Increases in the minimum wage are followed by a decrease in students enrolling in community college – particularly part-time students – according to a new National Bureau of Economic Research (NBER) working paper released this month.
The paper, Raising State Minimum Wages, Lowering Community College Enrollment, was authored by Diane Whitmore Schanzenbach (Northwestern University), Julia A. Turner (Northwestern University), and Sarah Turner (University of Virginia).
Method
Using enrollment data from the Integrated Post-secondary Education Data System (IPEDS), the researchers gathered enrollment and degree completion data at two-year and four-year institutions for the period of 1986-2019.
They then linked enrollment and completion results to state-level historical minimum wage changes based on sources such as state legislation and resolutions, federal reports from the Bureau of Labor Statistics, reports from state and local agencies, and communications from state labor departments.

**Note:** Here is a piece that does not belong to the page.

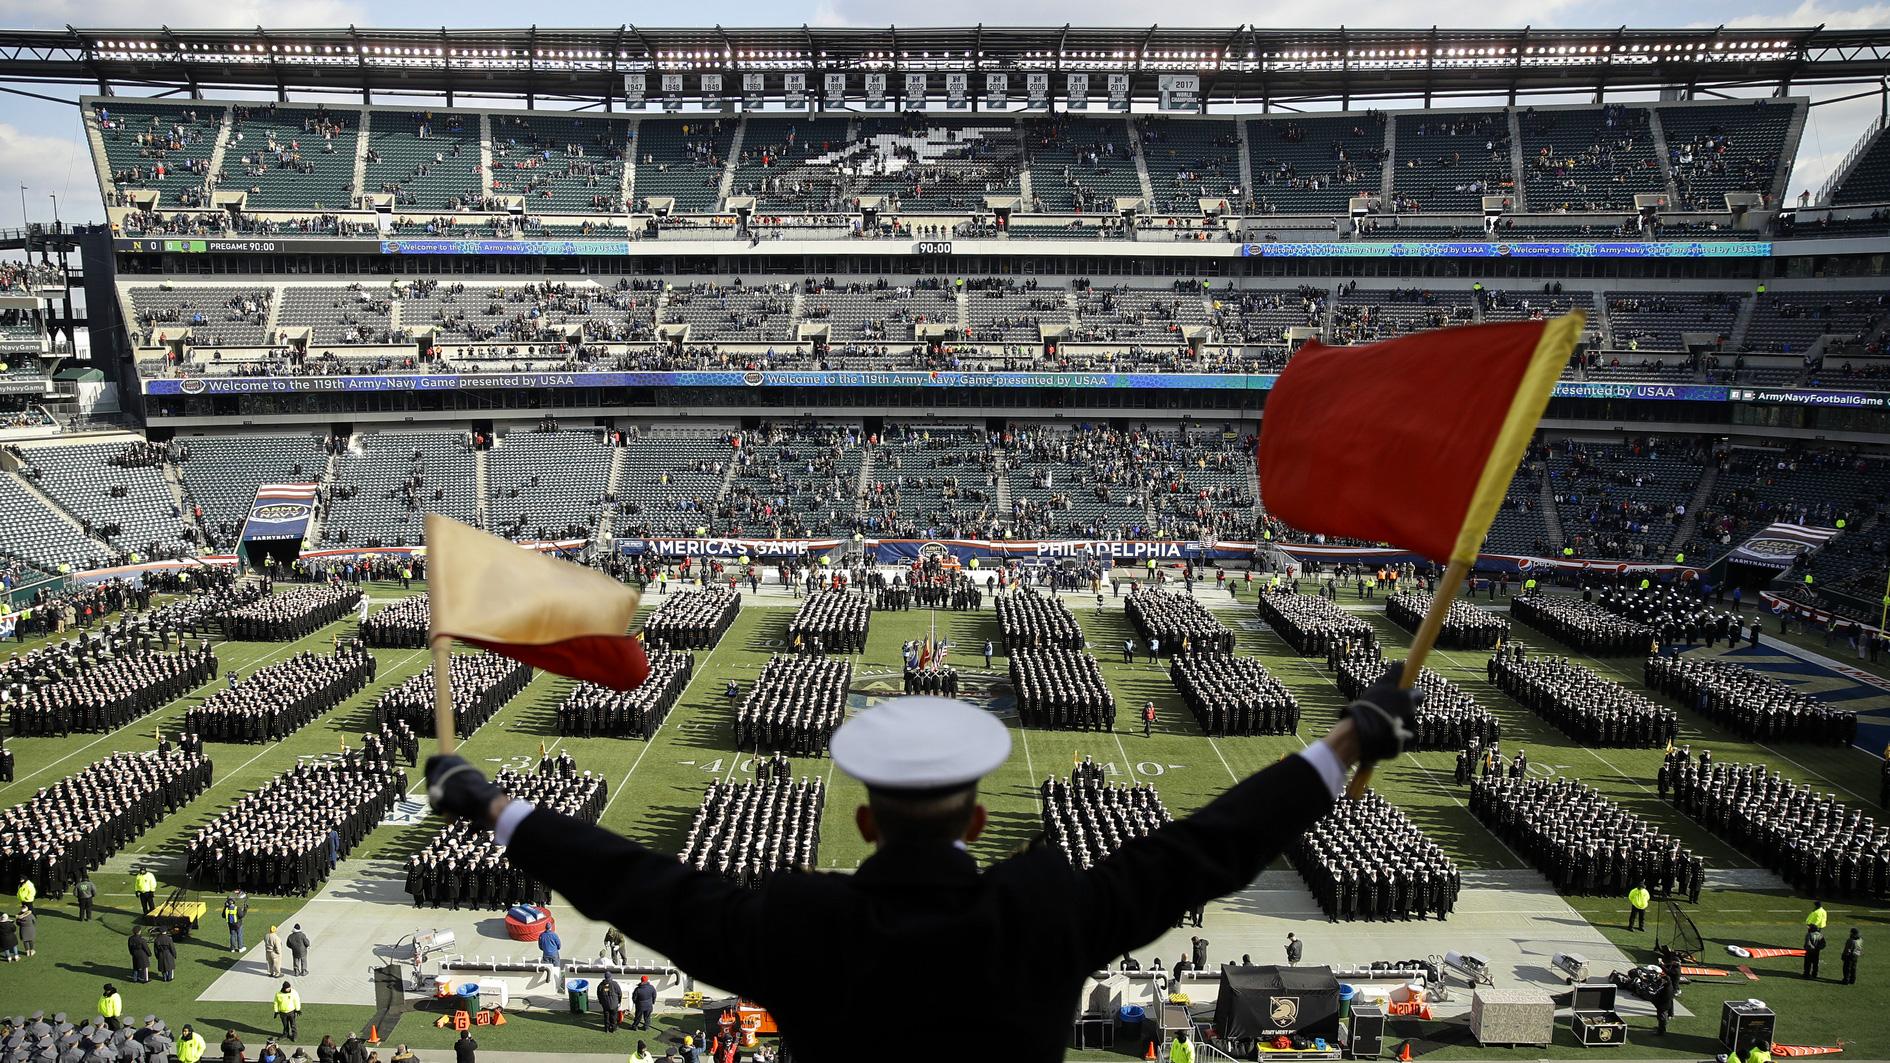 Navy Midshipman Frey Pankratz singles his classmates as they march onto the field ahead of an NCAA college football against the Army, Saturday, Dec. 8, 2018, in Philadelphia. (AP Photo/Matt Rourke)

Between the academic years of 1986 and 2019, the researchers documented nearly 400 minimum wage changes at the state level; of these, 170 involved an 8% increase or larger, which they used as their “relevant” threshold for testing the relationship between minimum wage increases and college enrollment.
Results
In the year following a relevant minimum wage increase, two-year college enrollment dropped by just over 4%. That decline did not change significantly over the subsequent four years; by year five, two-year enrollment remained down by about 4%.

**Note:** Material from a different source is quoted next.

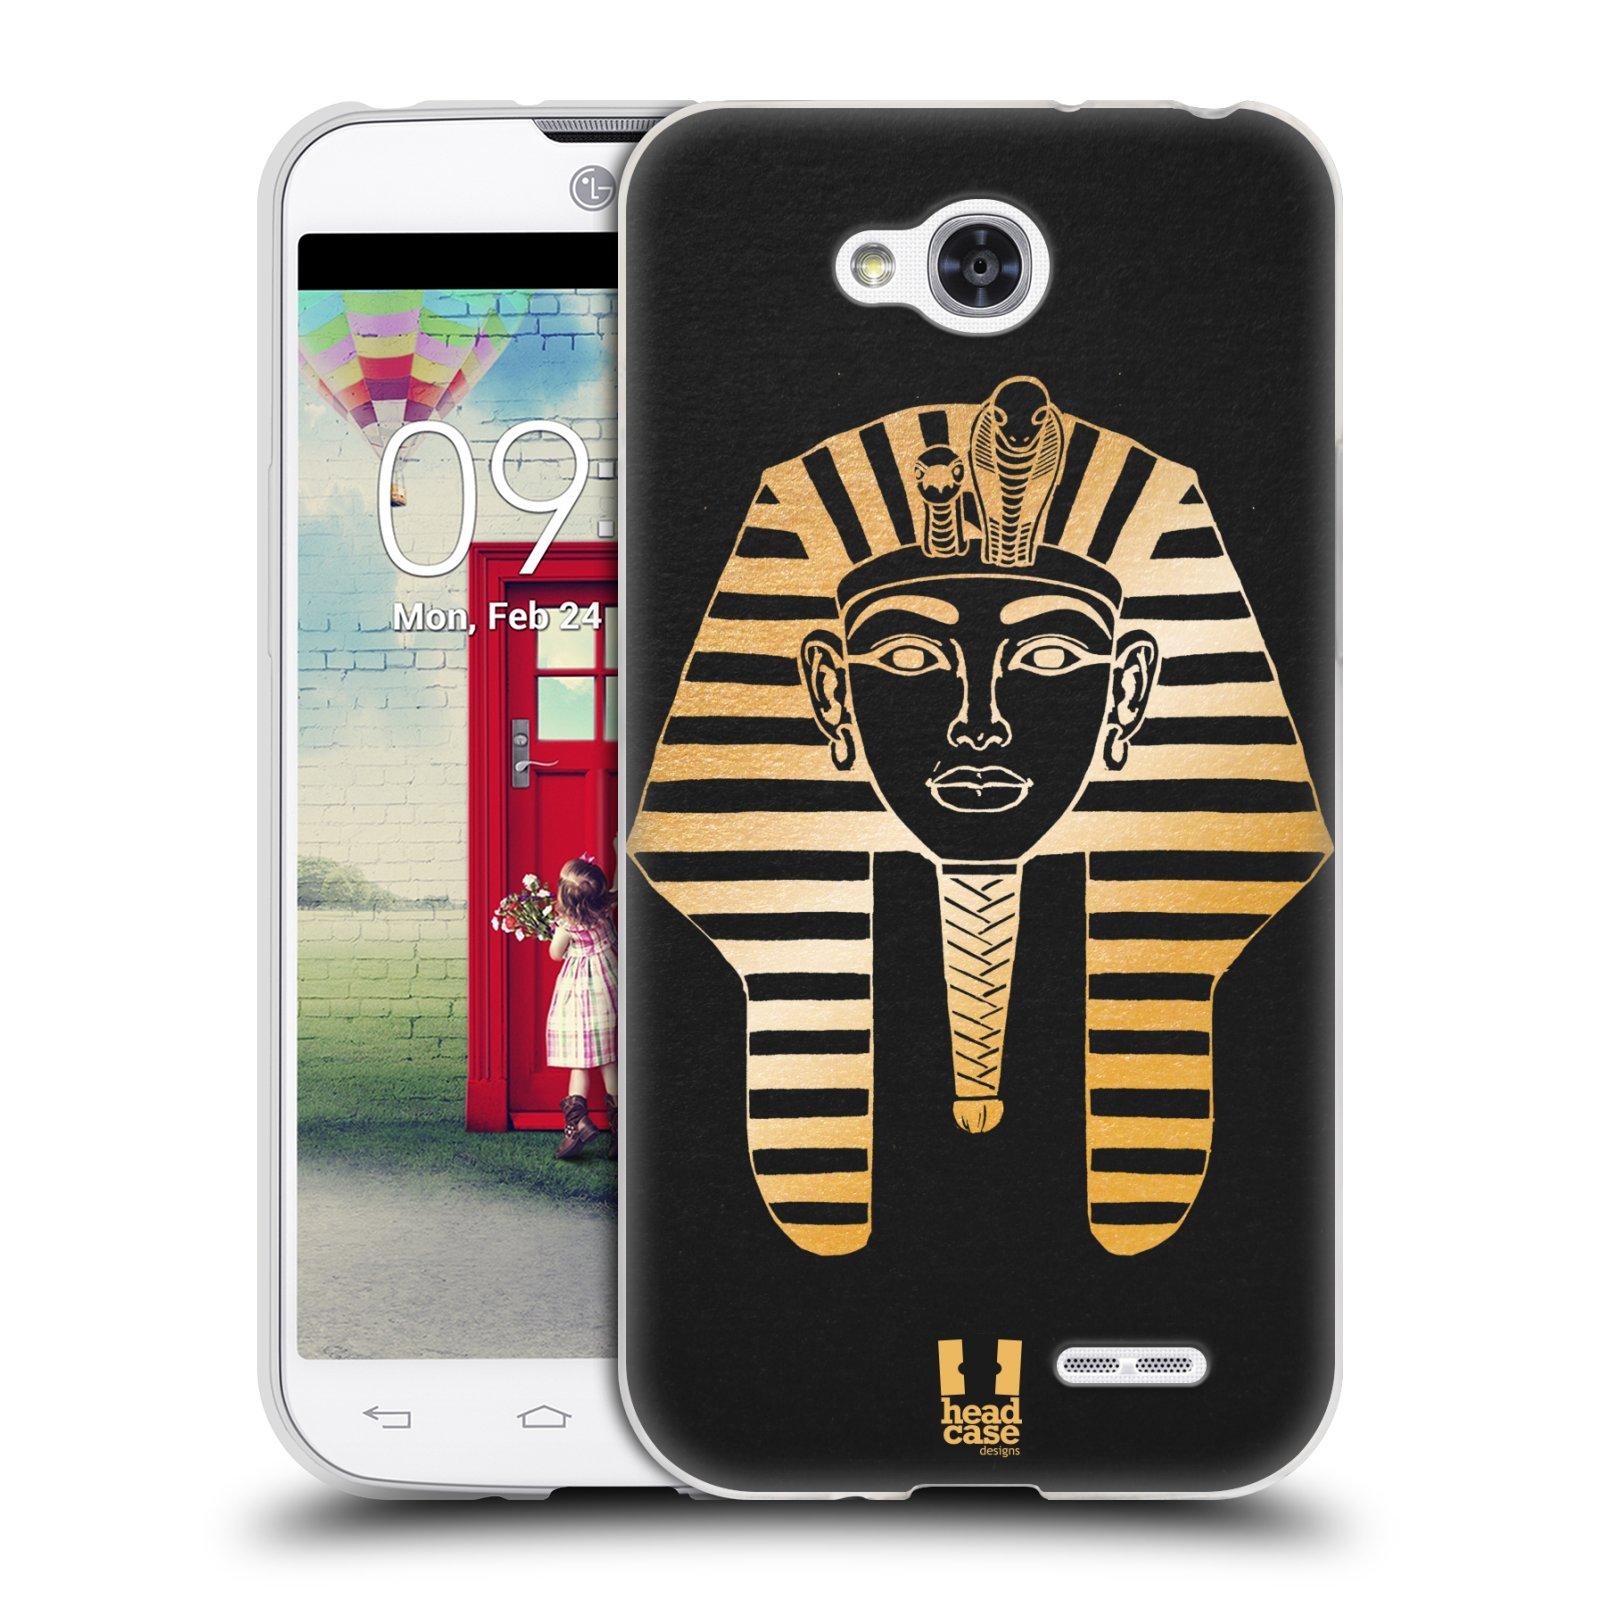 Silikonové pouzdro na mobil LG L90 HEAD CASE EGYPT FARAON (Silikonový kryt či obal na mobilní telefon LG L90 D405n)

In contrast, there was no significant change in four-year enrollment after a minimum wage increase.
The results remain basically the same when the sample is limited to public institutions only, which account for 88% of two-year enrollment and 68% of four-year enrollment.
At two-year colleges, part-time enrollment (about 60% of 2-year enrollment) dropped by 6% in the year following a relevant minimum wage increase, and remained at that level through the end of the sample period. Enrollment declines were smaller for full-time students (about 2%), but they also persisted throughout the studied period.

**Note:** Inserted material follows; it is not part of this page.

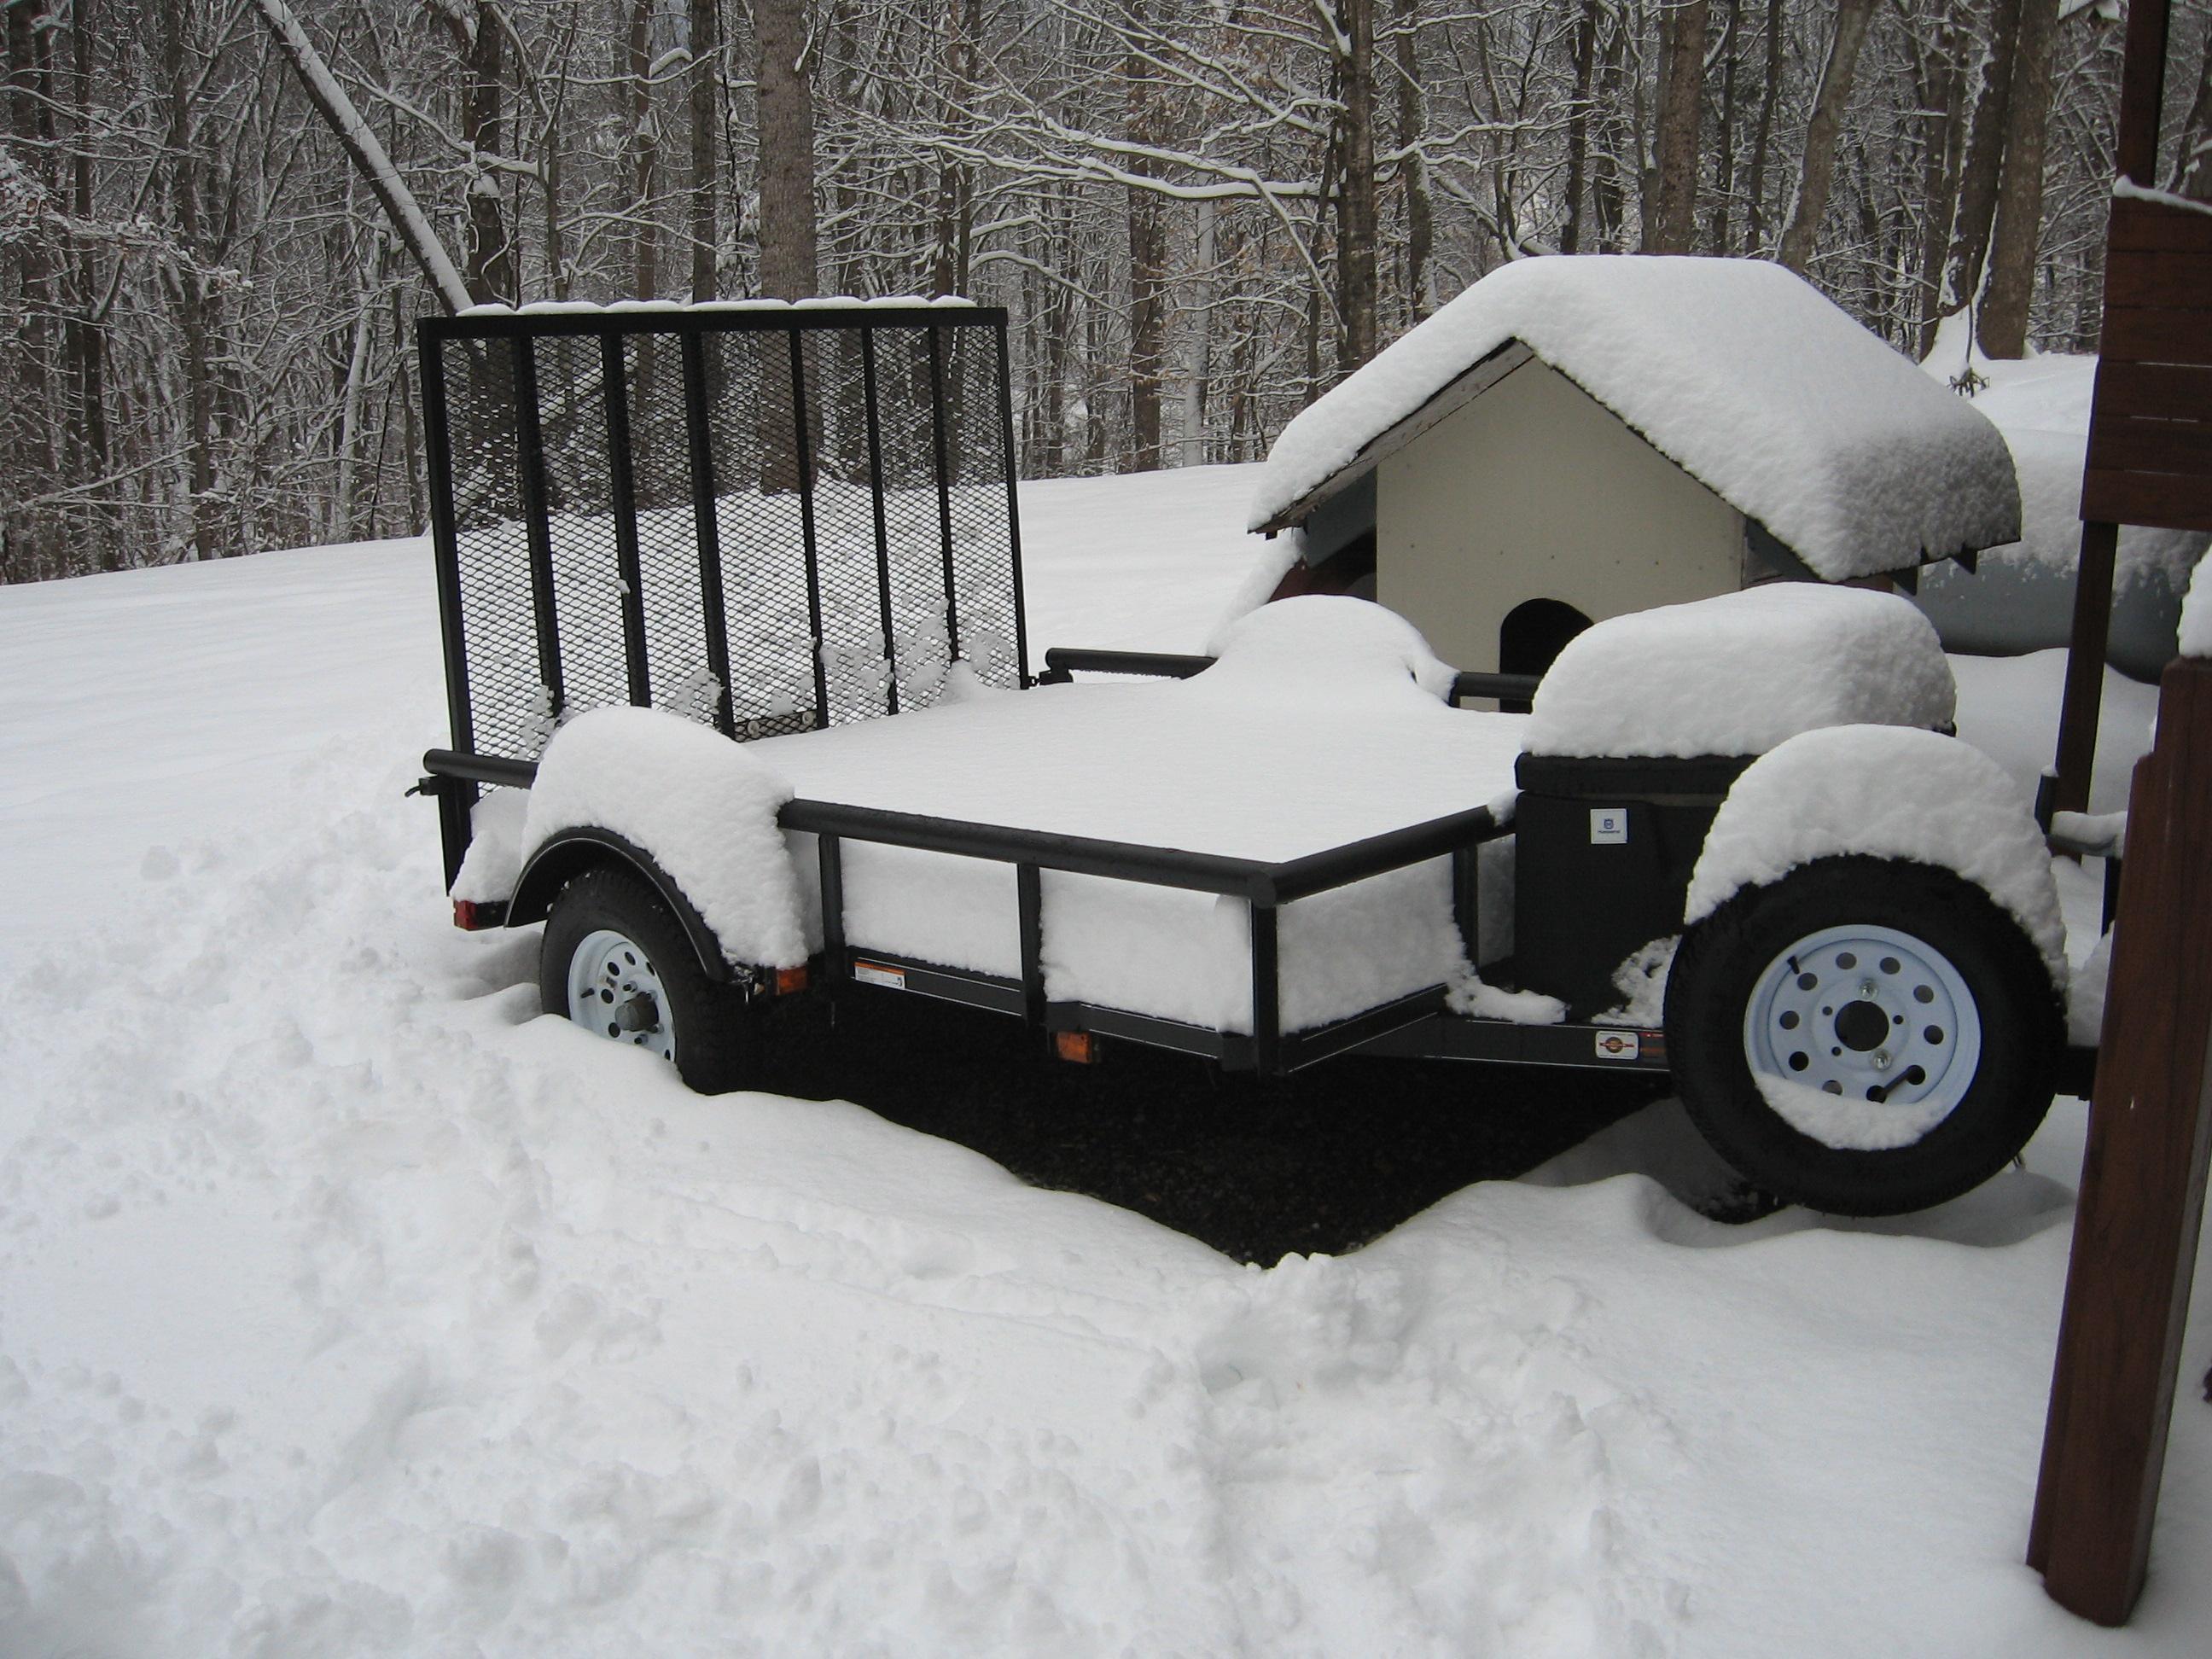 February 12 & 13 snow 016.JPG

Although women make up about 60% of enrollment at public two-year institutions, there was no difference between men and women in how their enrollment changed in response to a minimum wage increase.
Overall, the impact of minimum wage increase on four-year enrollment were nonsignificant. One exception was a small, but statistically significant, increase in part-time enrollment at public, four- year institutions in the first few years after a minimum wage increase. However, that small bump dissipated after a few years.
The authors also examined the impact of minimum wage increase on degree completion at two- year colleges, looking separately at certificate programs with duration of less than one year, those with a duration of less than two years, and two-year associate (AA) degrees.
Despite the declines in enrollment at two-year colleges, the study found certificate and degree completions remained largely unchanged in response to a minimum wage increase. The one exception was that minimum wage increases were linked to a small, but significant, decrease in women earning AA degrees.
Although several factors have been suggested as reasons why community college enrollment has dropped so significantly (from 7.2 million students in 2010 to 4.7 million in 2020), this study suggests that meaningful increases in the minimum wage appear to be one contributor.
The implications of this influence need more study. What are the longer term consequences of students opting out of college because of the lure of jobs with increased wages? How big are the opportunity costs of electing to not attend college? And to what extent are employers making up for some of this forgone education with on-the-job training or employer-provided educational benefits?